Не то же ли там, в Петрограде? Сквозь звонкие выкрики сменяющих друг друга ораторов все громче прорывается еще непонятное, но многозначительное слово: большевики. Кто они, что им надо, чего добиваются? Никто не знает…
С почты привозят по-прежнему газеты, журналы. В них что ни день — новости:
1 марта. Издан приказ № 1 Петроградского Совета солдатских и рабочих депутатов…
2 марта. Отречение от престола Николая Романова.
3 марта. Отречение Михаила. Образование Временного Правительства.
4 марта. Восстание матросов в Кронштадте. Убийство адмиралов Вирена и Непенина.
8 марта. Арест Николая Второго по постановлению Временного Правительства.
С газетных листов смотрят «бабушка русской революции» Брешко-Брешковская[56] и еще какая-то тупая, дегенеративная физиономия. Это Тимофей Кирпичников, первый Георгиевский кавалер революции. Он поднял восстание в запасном батальоне лейб-гвардии Волынского полка, сопровождавшееся убийствами офицеров. Нет, чубатый казак Козьма Крючков был, кажется, лучше.
И тут же новое правительство: массивный Родзянко, седоусый профессор Милюков, хорошо упитанный [57], а вот и Владимир Львов. Темная борода и взгляд из-под лысого лба — обер-прокурор Святейшего Синода. Где-то в доме еще лежит листок с нотами. Гимн самарского дворянства: «Мы шпагу носим за царя». Слова и музыка Вл. Львова. А сегодня он — в числе подписавших постановление об аресте царя. Впрочем, может быть, носить шпагу «за» царя и означает «вместо»? Не очень вразумительные слова когда-то им написанного гимна теперь обернулись вовсе уже невразумительной биографией. А вот, наконец, и он, кумир и спаситель, чудесный и неподражаемый Александр, от революции первый. На голове черный котелок или полувоенная фуражка, а в иных случаях коротко подстриженный ежик, под глазами заретушированные метки, рука обязательно за бортом пальто, сюртука или френча… Он садится в машину, идет, приветствует, говорит, пьет чай, выходит из Зимнего, входит в Зимний, опять выходит, еще входит, еще пьет чай, еще приветствует, вот он до пояса, в рост, сепией, тушью, белилами, вот маслом, пером, акварелью, в офорте, в гравюре, пастелью и темперой. Снова выходит и входит… Опять говорит и приветствует: «Верность союзникам! Война до победного конца! Вся полнота власти — Учредительному собранию!» И вдруг, что это? Откуда? «ФАБРИКИ — РАБОЧИМ! ЗЕМЛЮ — КРЕСТЬЯНАМ! Долой правительство буржуев-капиталистов! Мир без аннексий и контрибуций! Да здравствует мировая социалистическая революция!..»

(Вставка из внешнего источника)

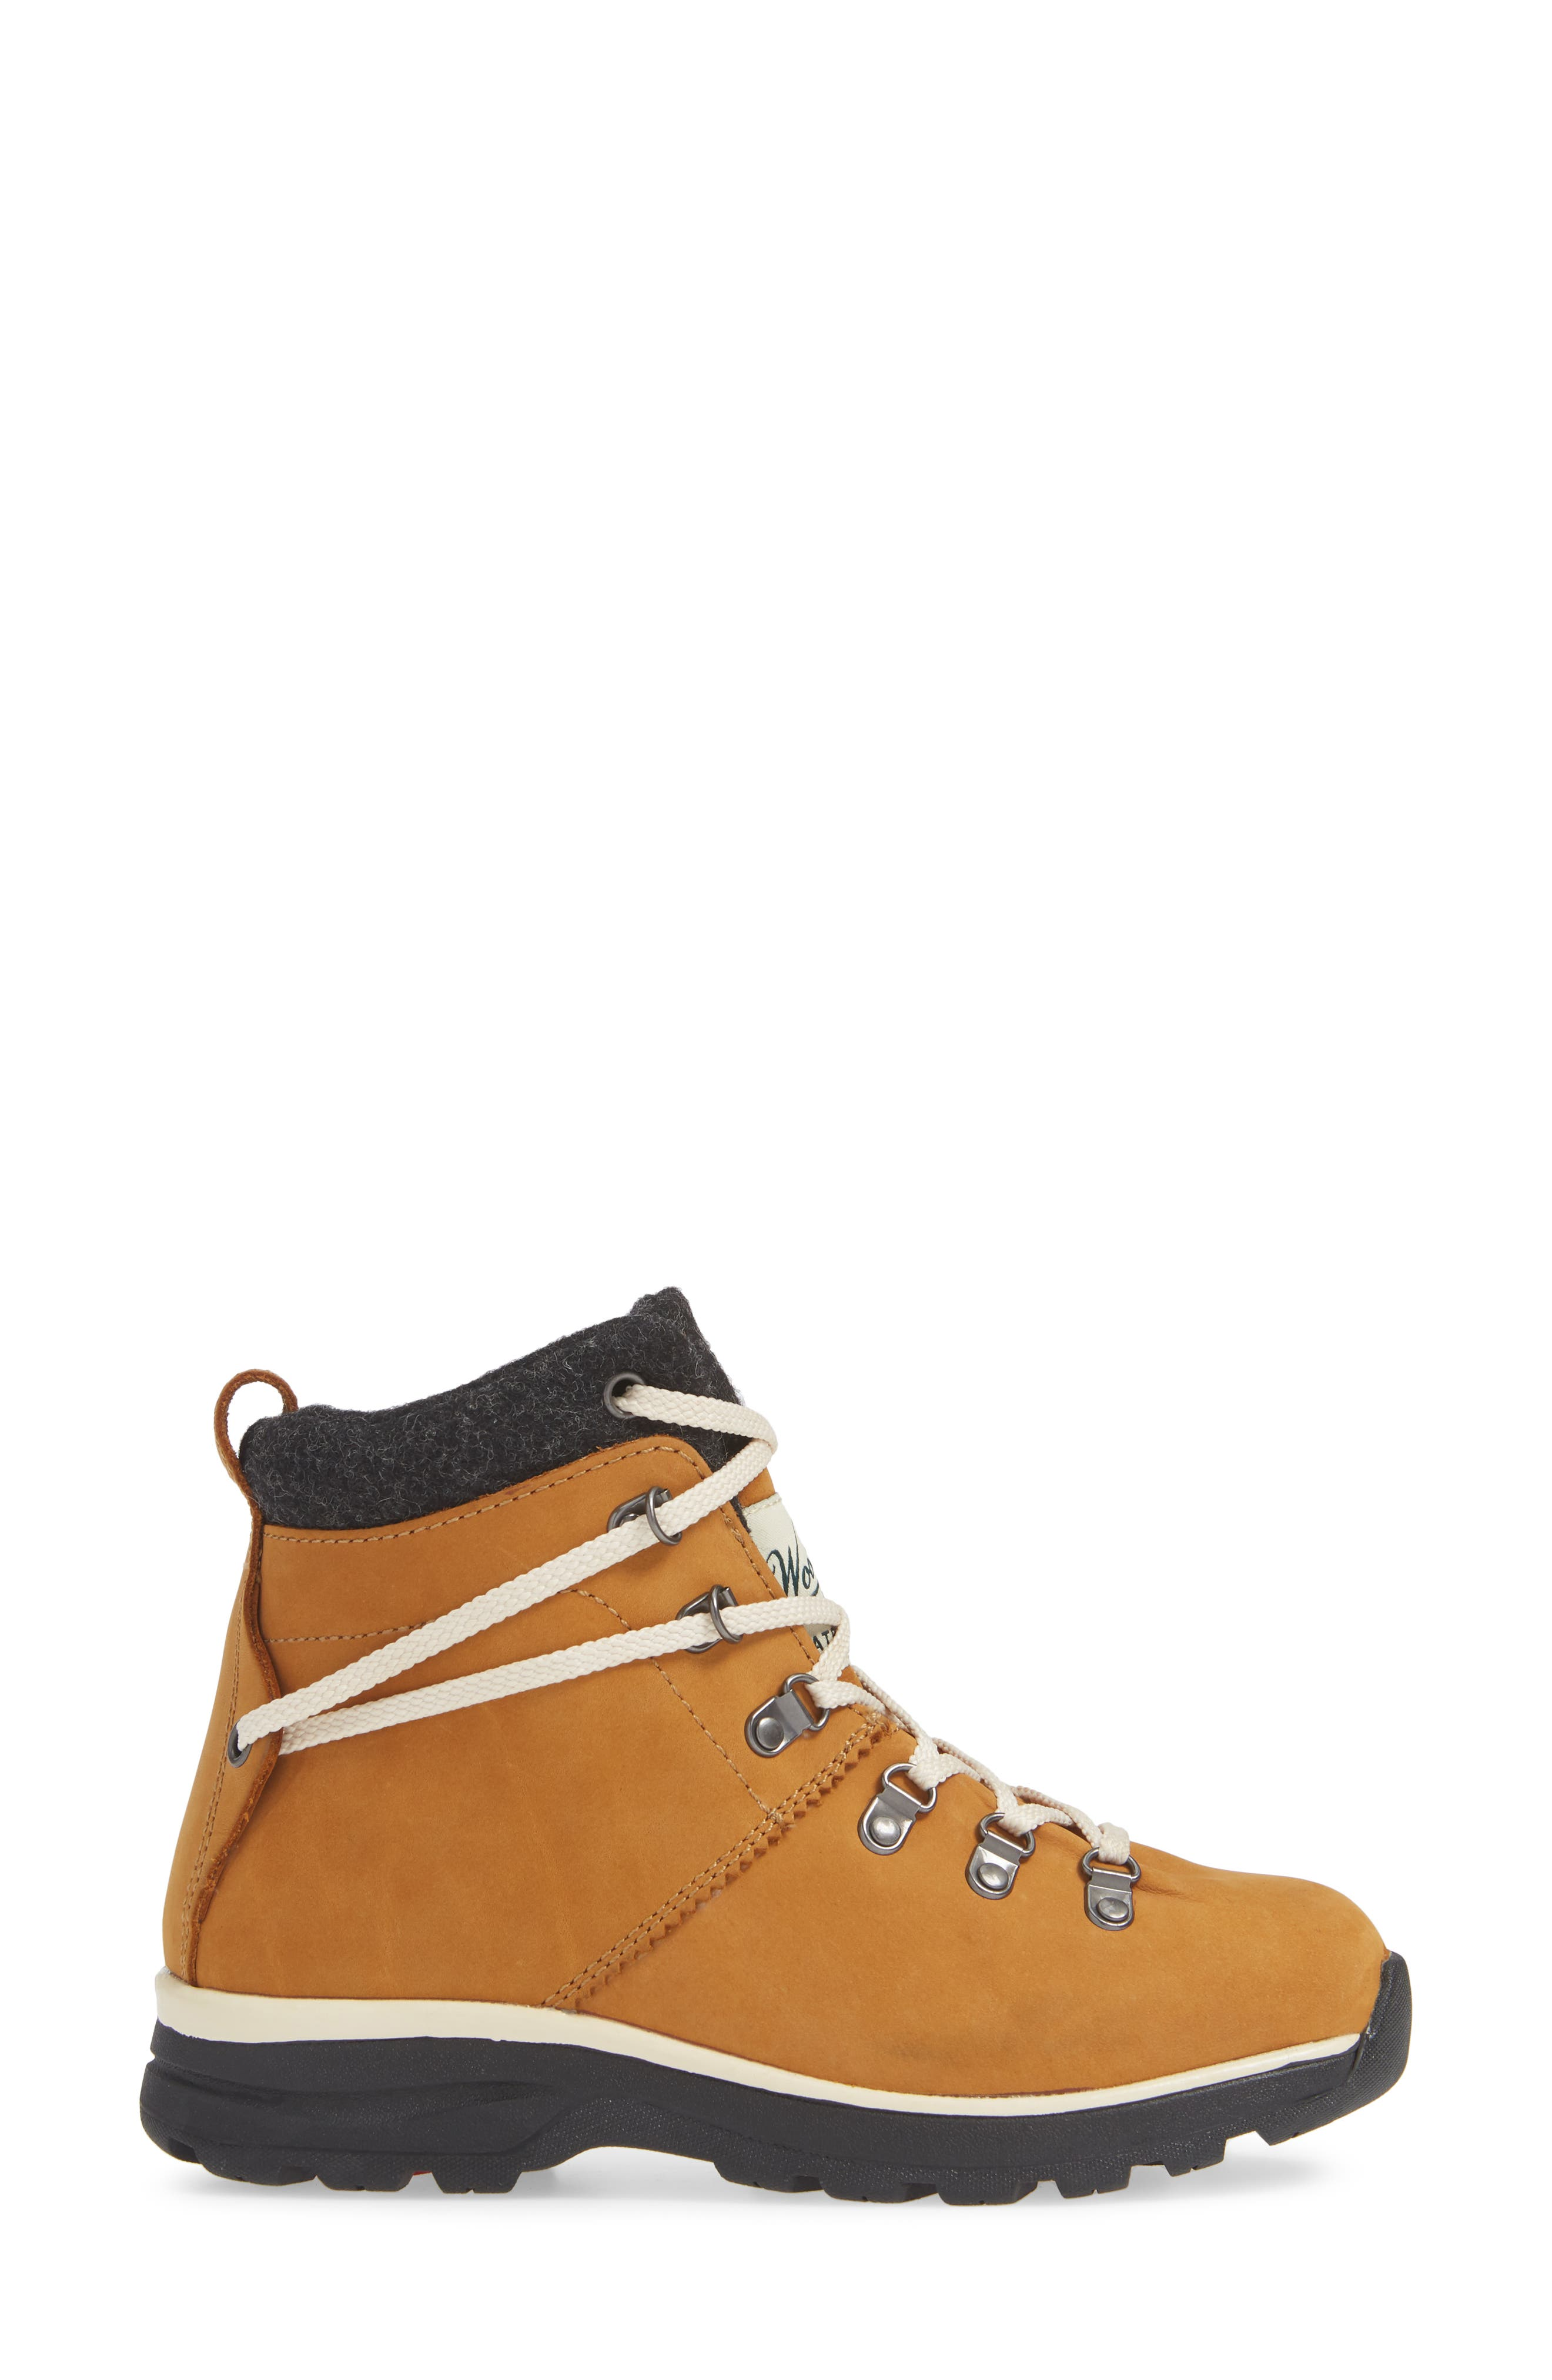 Rockies II Waterproof Hiking Boot,                             Alternate thumbnail 3, color,                             CONKER LEATHER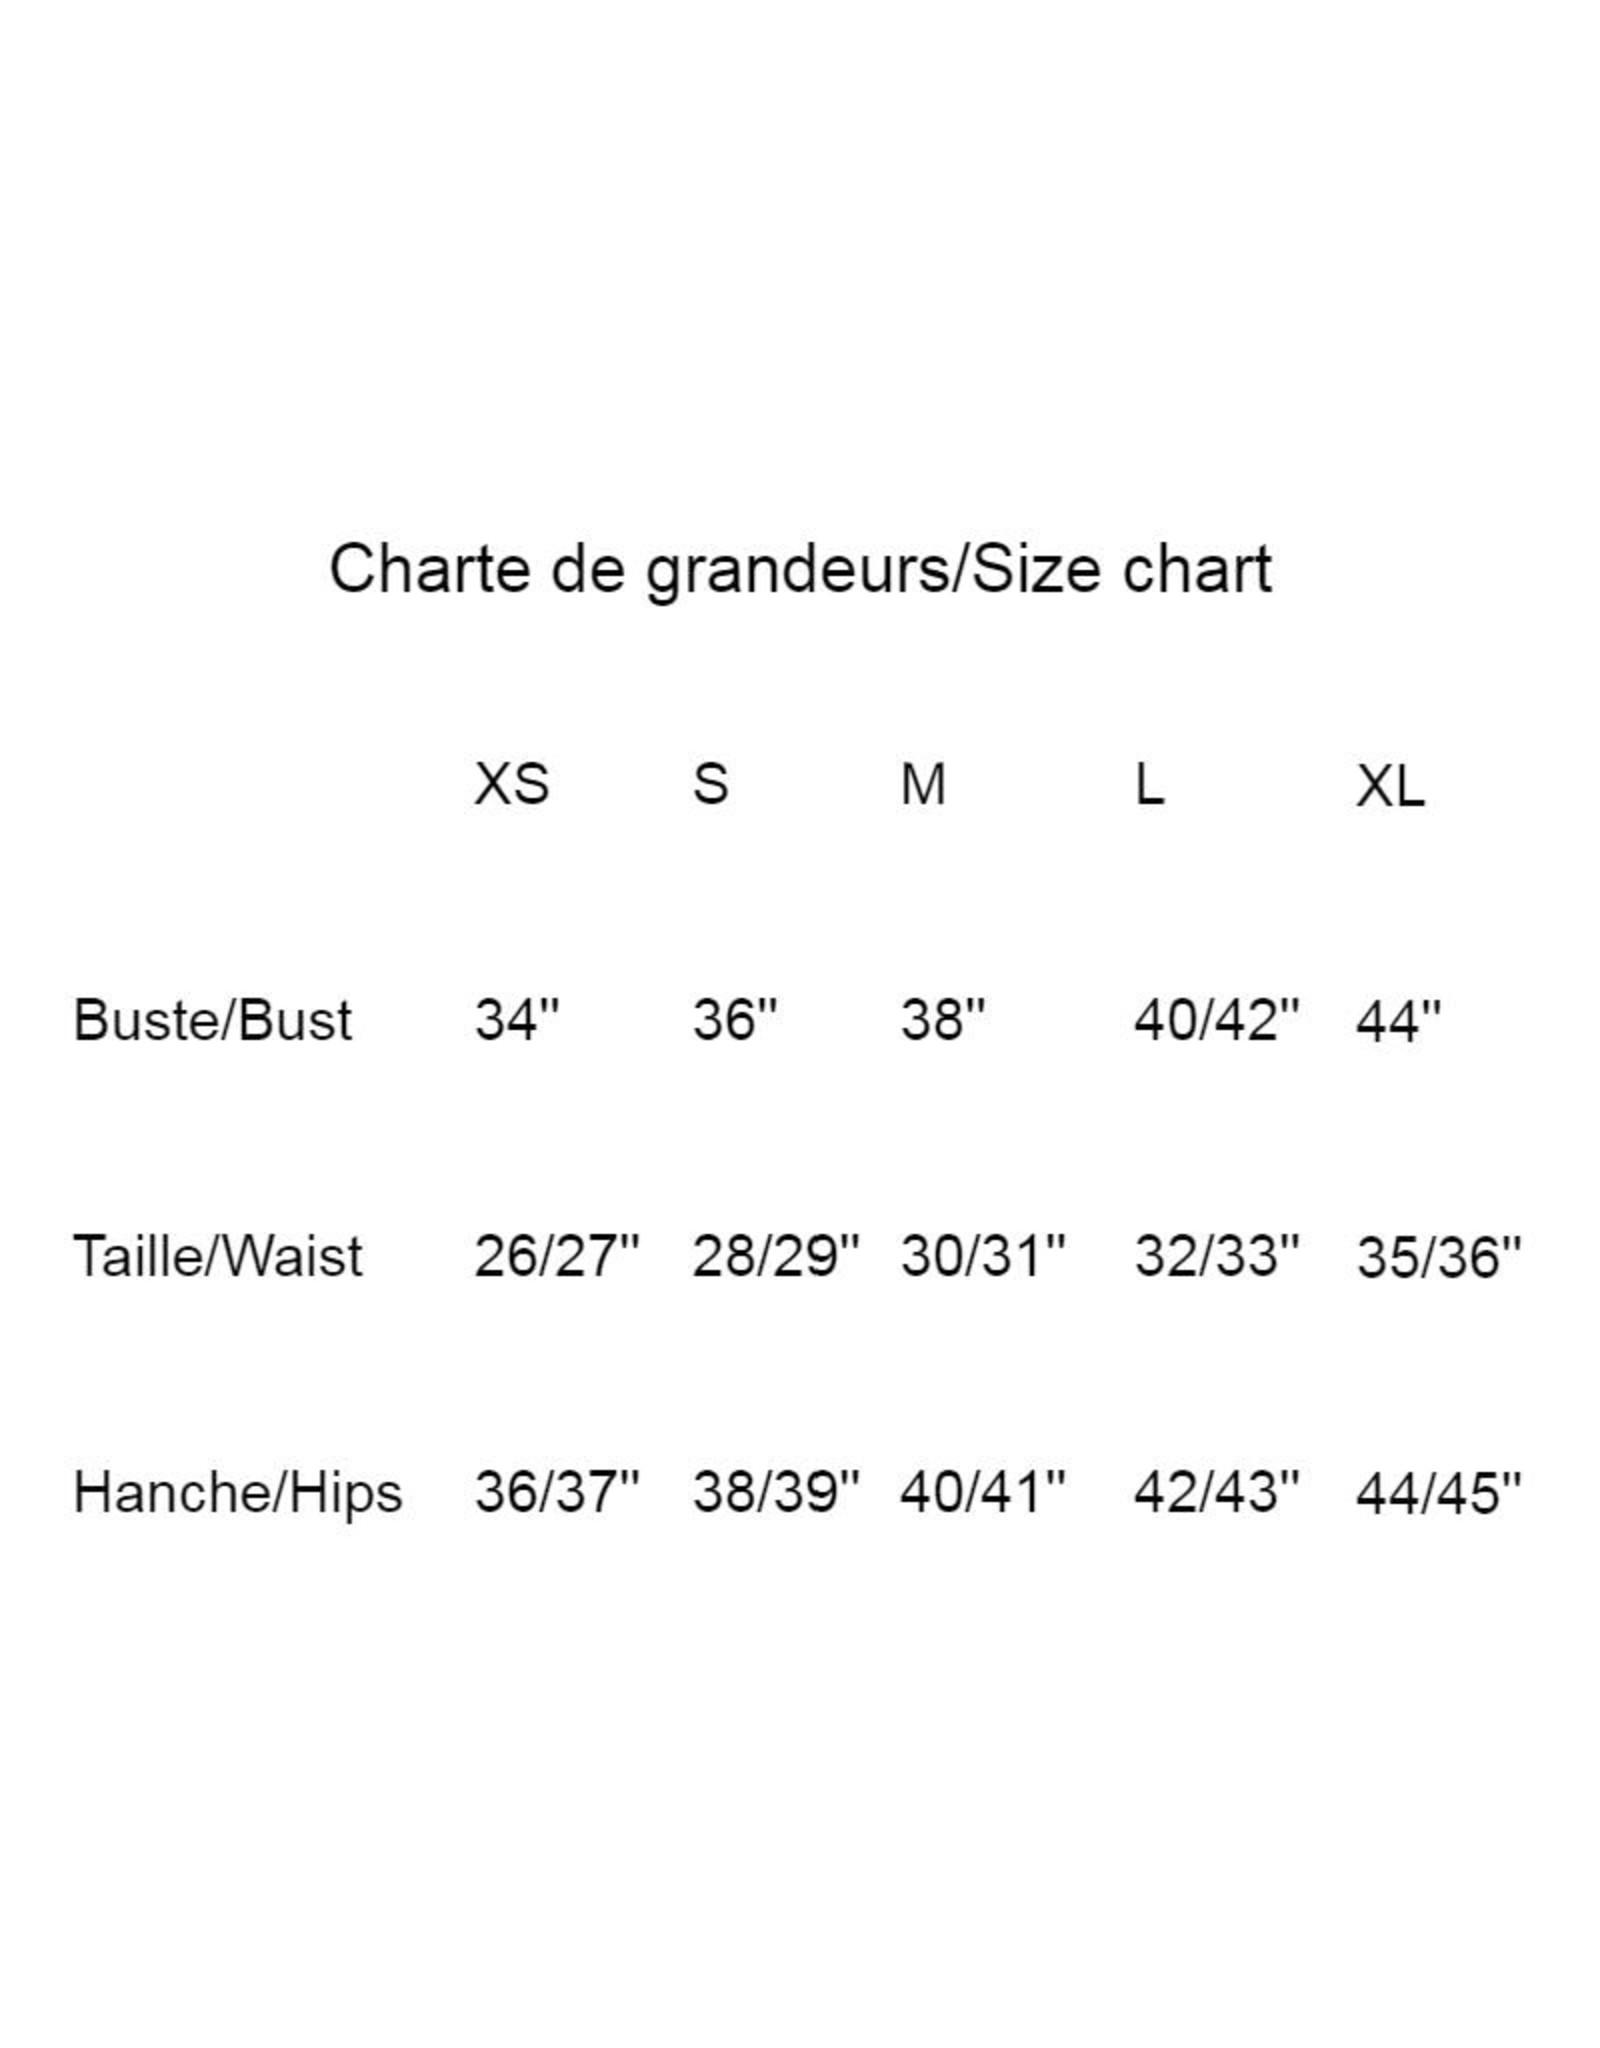 Les Coureurs de Jupons Chandail El Classico 3/4 Bambou AH1819 Les Coureurs de Jupons Noir

Что такое? Грачи прилетели!
Об этом не пишут в тех газетах, что привозят нам с почты. Мало кто видел «Правду», но это известно повсюду. По деревням забродило. По фронту ударило…
Что там, на фронте? Братанье с немецкими частями. Солдаты ходят в немецкие окопы пить коньяк, не отдают чести офицерам… Воевать никто больше не хочет.
Семеновский полк остается стоять где стоял. В полк приходят немецкие офицеры. Говорят: «Зачем вы стоите? Отчего не уходите? Ни справа, ни слева ваших частей уже нет. Фронт открыт. Ведь мы и сражаться не будем. Получим приказ, обойдем вас и двинемся дальше… Останетесь в нашем тылу…»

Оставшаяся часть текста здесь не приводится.